Issue (i): Whether damages paid for breach of an underwriting arrangement were allowable as business loss and were outside the scope of speculative transaction and expenditure prohibited by law.
Analysis: The assessee was engaged in merchant banking and underwriting as part of its regular business. The amount paid arose from non-performance of the underwriting obligation and the ensuing settlement of a dispute between the parties, not from a completed contract settled in the sense contemplated by the speculative transaction provision. The distinction between settlement of contract and settlement of dispute arising from breach of contract was treated as decisive. The payment was also held not to be an amount incurred for a purpose prohibited by law, since breach of a commercial obligation and payment of compensation to the aggrieved party did not amount to illegality for purposes of disallowance.
Conclusion: The damages were allowable as business loss and the disallowance was unsustainable.
Issue (ii): Whether loss on account of diminution in value of devolved securities was allowable or attracted the speculative loss provisions.
Analysis: The claimed amount represented only a notional book loss arising from valuation of stock at cost or market value, whichever was lower. There was no actual purchase and sale transaction during the year and no transfer to a third party. Since the loss was merely a diminution in value and not an actual trading loss, the speculative loss provisions were held to be inapplicable, but the claim was nevertheless not allowable as a deductible loss.
Conclusion: The loss was not allowable.
Issue (iii): Whether ad hoc disallowance of certain expenses was justified.
Analysis: The disallowance had been made generally for want of supporting vouchers and without pinpointing specific defects.
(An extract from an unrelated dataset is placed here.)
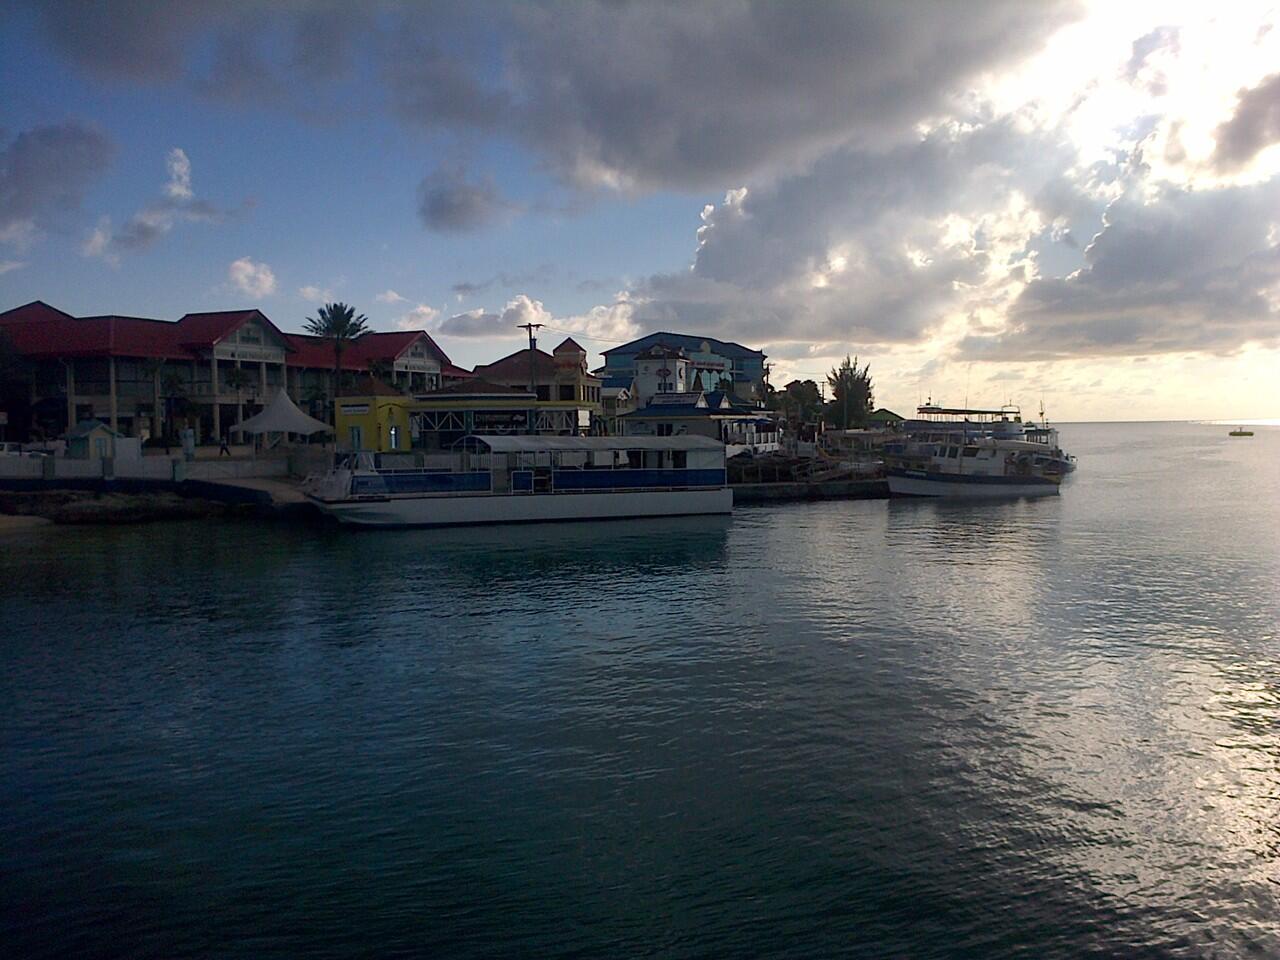 Menengok keindahan Cayman Islands (Kepulauan Cayman), negeri tanpa 'pajak' di Karibia

In view of the need for proper verification, the matter was considered fit for fresh examination by the Assessing Officer after giving the assessee an opportunity to produce evidence.
Conclusion: The issue was sent back for de novo adjudication and the assessee obtained only statistical relief.
Final Conclusion: The substantive relief was granted on the underwriting-damages claim, the valuation-loss claim was rejected, and the expense disallowance was remitted for fresh consideration, leaving the appeal partly successful overall.
Ratio Decidendi: A payment made to settle a dispute arising from breach of a commercial underwriting obligation is a business loss and not a speculative loss, whereas a mere notional diminution in value of stock without an actual trading transaction is not deductible as such.